Task to carry out >>
Send back the data below exactly. Drop every picture.

Data segment >>
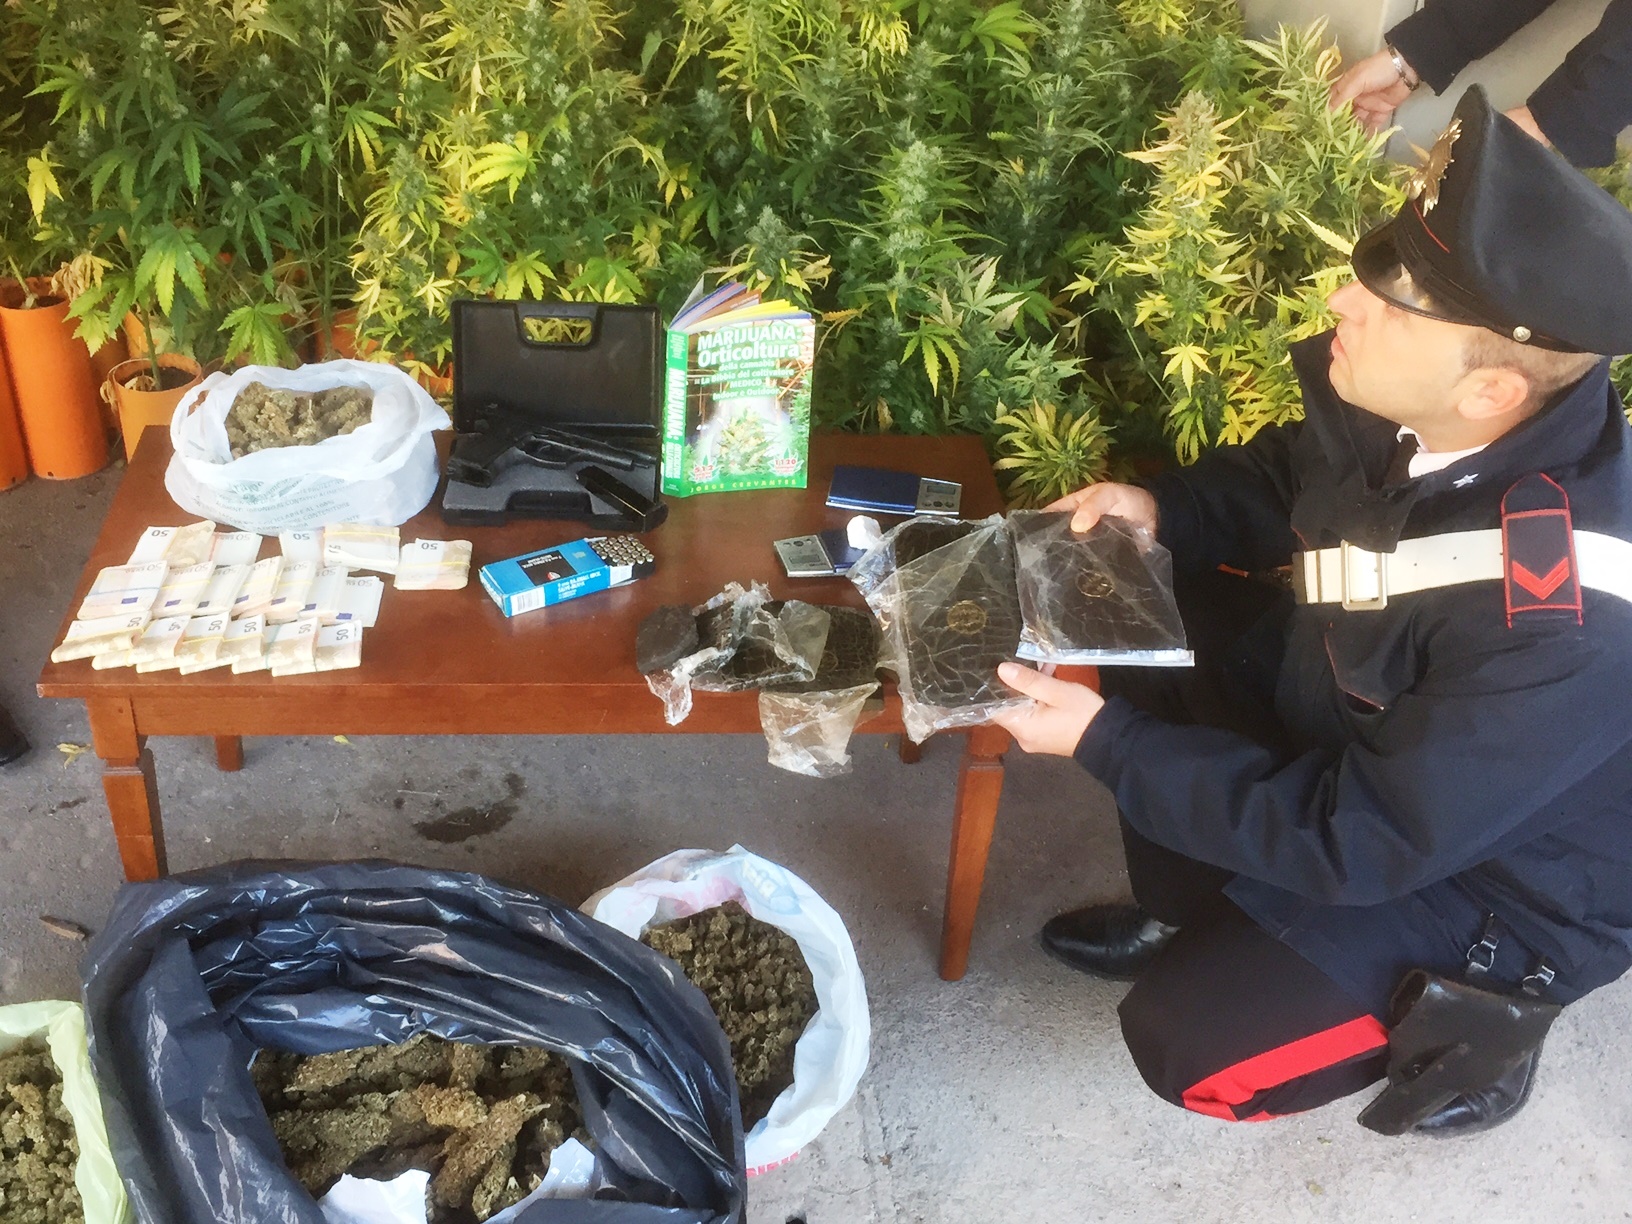 Cassia, carabinieri intervengono dopo l'allarme di furto ma scoprono una piantagione di marijuana
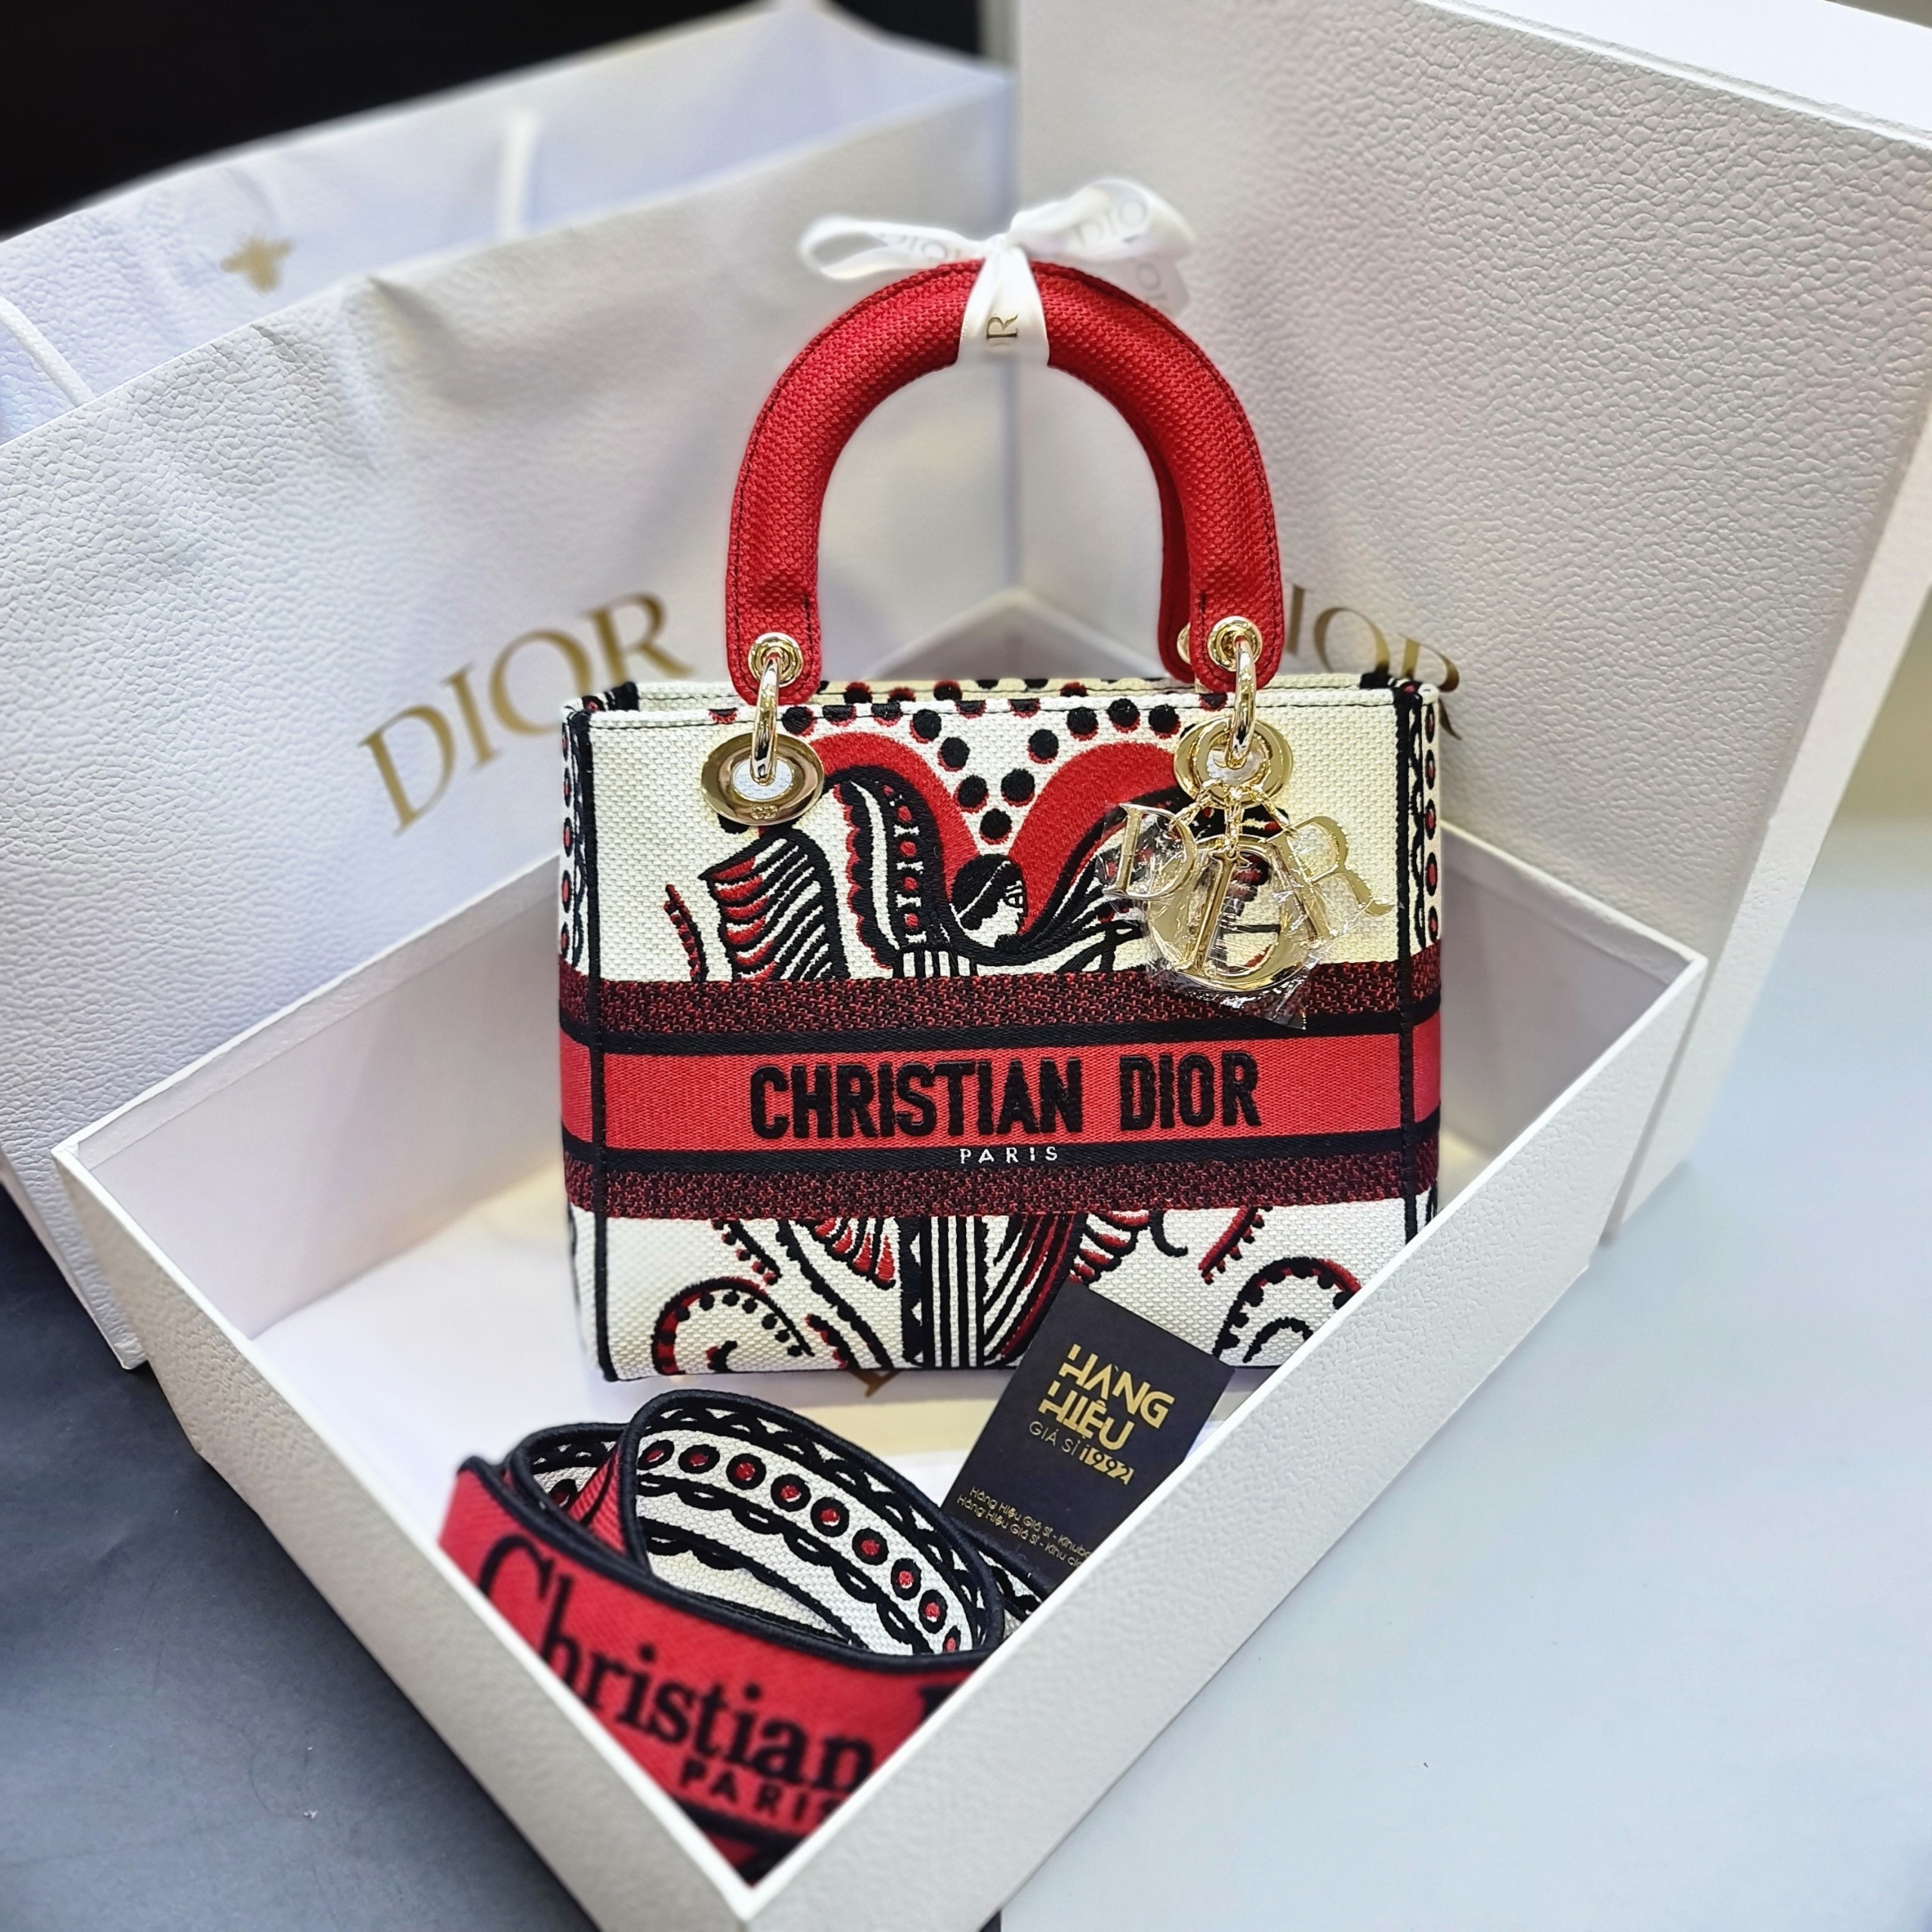 Túi Dior Lady là biểu tượng của sự tinh tế và đẳng cấp của thương hiệu thời trang Dior. Những mẫu túi được thiết kế tỉ mỉ với chất liệu cao cấp sẽ khiến bạn không thể rời mắt. Hãy chiêm ngưỡng những bức ảnh về túi Dior Lady thật chân thật để tận hưởng sự đẳng cấp và sang trọng.
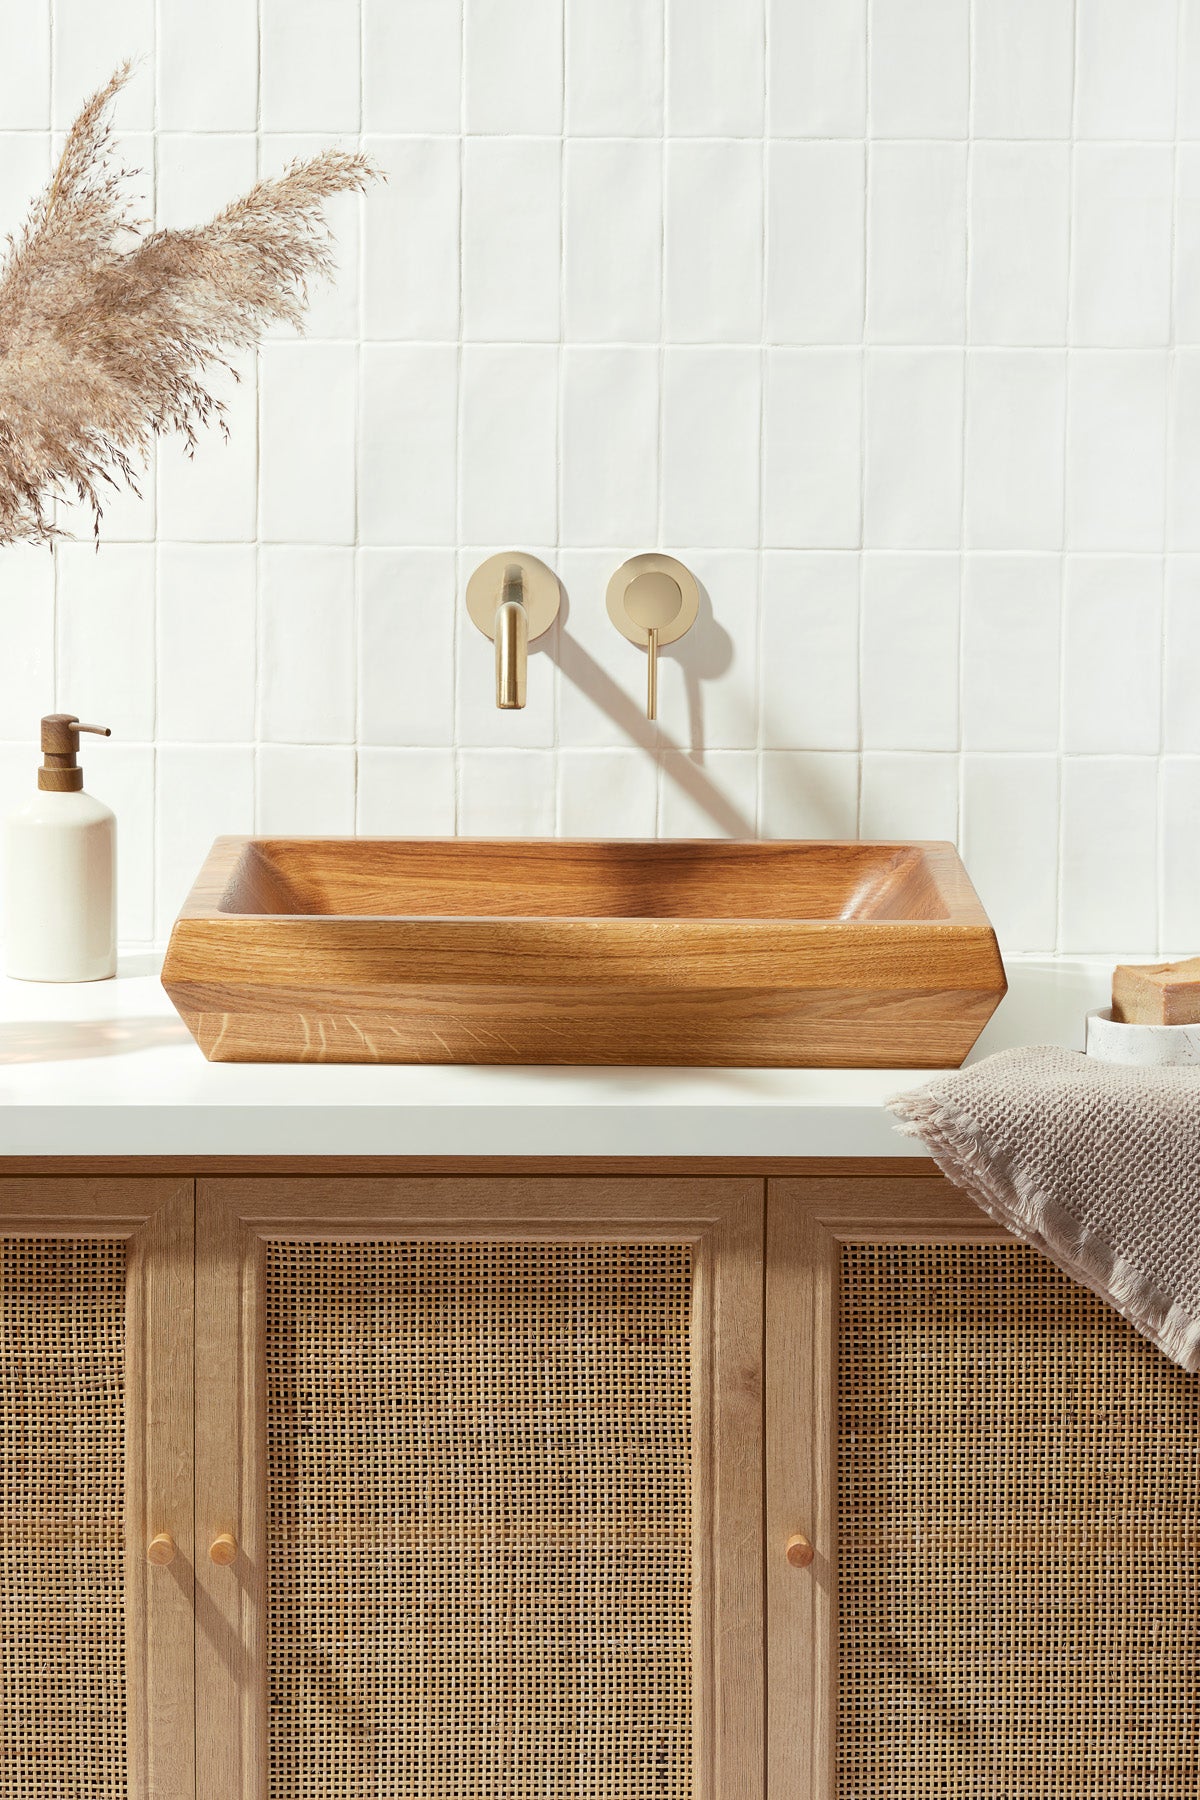 Luxuriöses Massivholz Waschbecken - Edle Holzsorten und feinste Handarbeit für anspruchsvolle Badezimmer.

Response >>
 Cassia, carabinieri intervengono dopo l'allarme di furto ma scoprono una piantagione di marijuana
 Túi Dior Lady là biểu tượng của sự tinh tế và đẳng cấp của thương hiệu thời trang Dior. Những mẫu túi được thiết kế tỉ mỉ với chất liệu cao cấp sẽ khiến bạn không thể rời mắt. Hãy chiêm ngưỡng những bức ảnh về túi Dior Lady thật chân thật để tận hưởng sự đẳng cấp và sang trọng.
 Luxuriöses Massivholz Waschbecken - Edle Holzsorten und feinste Handarbeit für anspruchsvolle Badezimmer.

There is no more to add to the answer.